You can find a similar example on GitHub.
By following this pattern, you can transform your Spark jobs into interactive jobs that can execute calculations immediately, improving user interactivity and reducing waiting times.
Interactive Spark Job with Python
Below is an example of how to configure an interactive Spark job in Python using the ilum library:
-
Spark Image Setup
a) Use a Docker image from DockerHub
Each Spark image we provide on DockerHub already has the necessary components built in.b) Install the
ilum
package
If, for any reason, your Docker image does not include theilum
package or if you build your own custom image, you can install it (either within the container or locally) by running:pip install ilum
-
Job Structure in
ilum
The Spark job logic is encapsulated in a class that extends IlumJob, particularly within its run method
from ilum.api import IlumJob
class PythonSparkExample(IlumJob):
def run(self, spark, config):
# Job logic here
Simple interactive spark pi example:
from random import random
from operator import add
from ilum.api import IlumJob
class SparkPiInteractiveExample(IlumJob):
def run(self, spark, config):
partitions = int(config.get('partitions', '5'))
n = 100000 * partitions
def is_inside_unit_circle(_: int) -> float:
x = random() * 2 - 1
y = random() * 2 - 1
return 1.0 if x ** 2 + y ** 2 <= 1 else 0.0
count = (
spark.sparkContext.parallelize(range(1, n + 1), partitions)
.map(is_inside_unit_circle)
.reduce(add)
)
pi_approx = 4.0 * count / n
return f"Pi is roughly {pi_approx}"
You can find a similar example on GitHub.
Submitting an Interactive Spark Job on UI
After creating a file that contains your Spark code, you will need to submit it to Ilum. Here's how you can do it:
Open Ilum UI in your browser and create a new service:
In the General
tab put a name of a service
In the Memory
tab choose a cluster and set up your memory settings
In the Resource
tab upload your spark file
Press Submit to apply your changes, and Ilum will automatically create a Spark driver pod. You can adjust the number of Spark executor pods by scaling them as needed.

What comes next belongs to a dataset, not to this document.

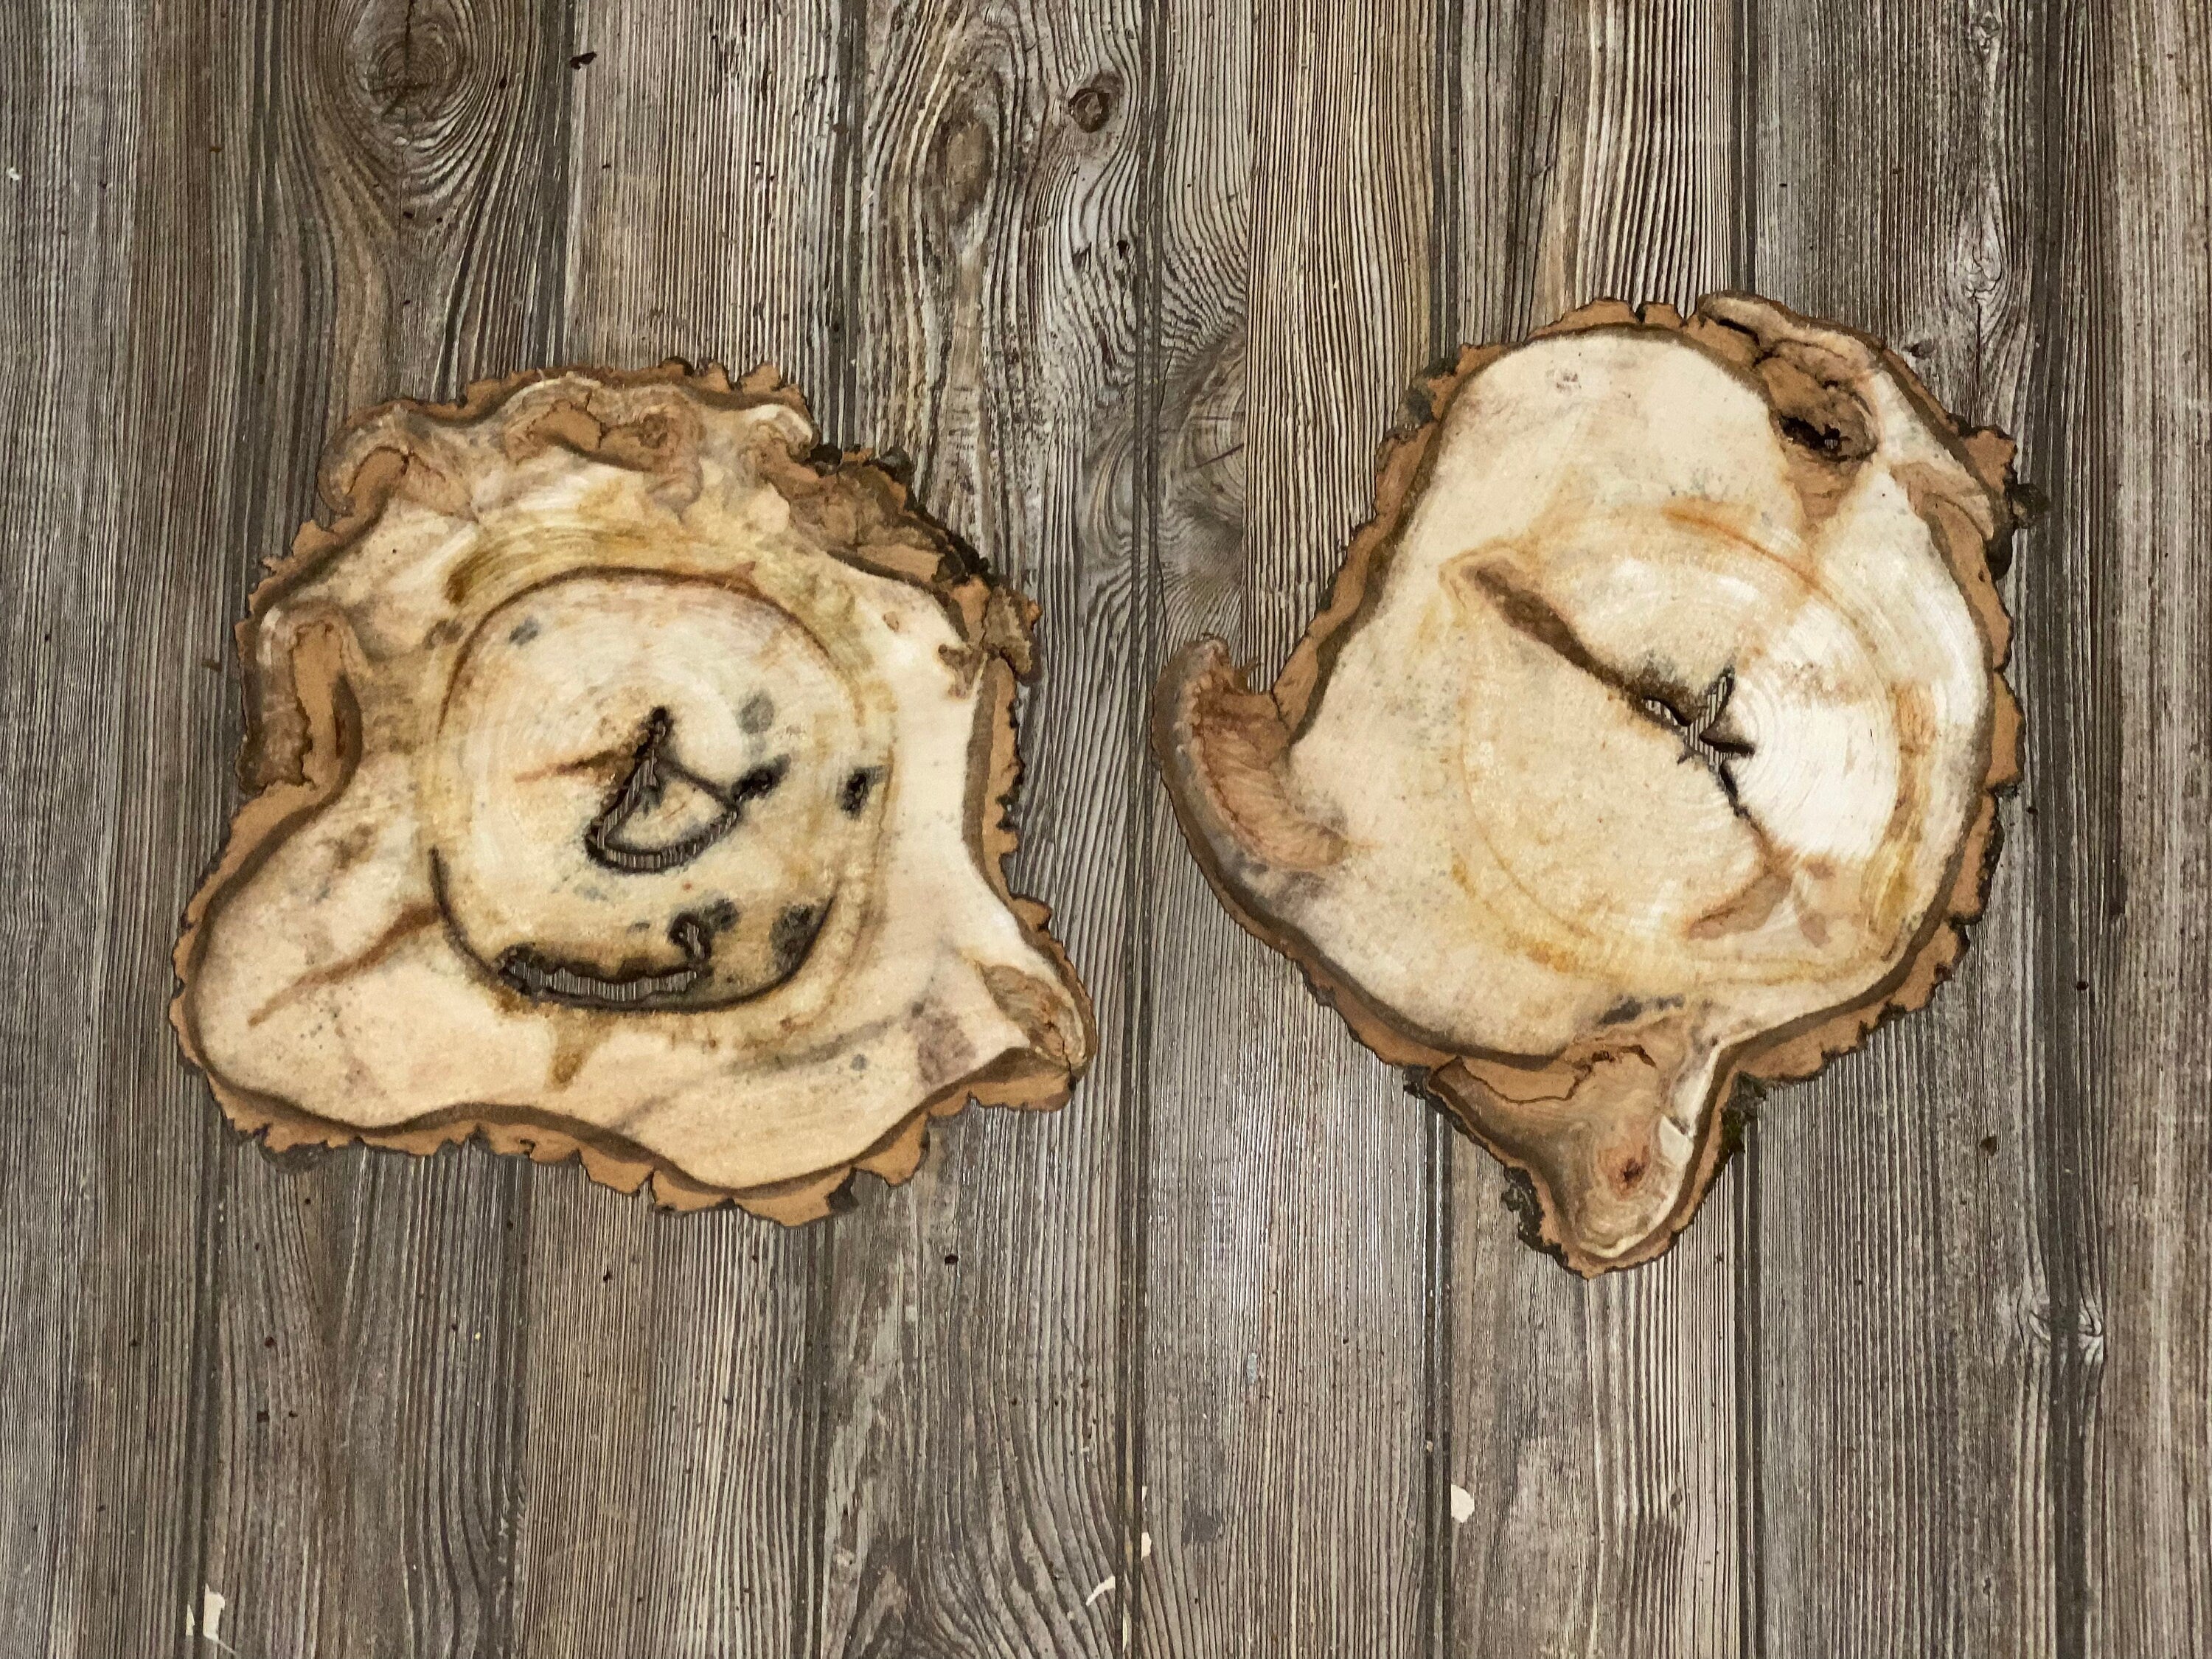 Two Aspen Burl Slices, Approximately 12.5 Inches Long by 11 Inches Wide and 3/4 Inches Thick

Next, go to the Workloads section to locate your job. By clicking on its name, you can access its detailed view. Once the Spark container is ready, you can run the job by specifying the filename.classname
and defining any optional parameters in JSON format.
Now we have to put filename.classname
in the Class filed:
Ilum_interactive_spark_pi.SparkPiInteractiveExample
and define the slices parameter in JSON format:
{
"partitions": 5
}
The first requests might take few seconds because of initialization phase, each another will be immediate.
By following these steps, you can submit and run interactive Spark jobs using Ilum. This functionality provides real-time data processing, enhances user interactivity, and reduces the time spent waiting for results.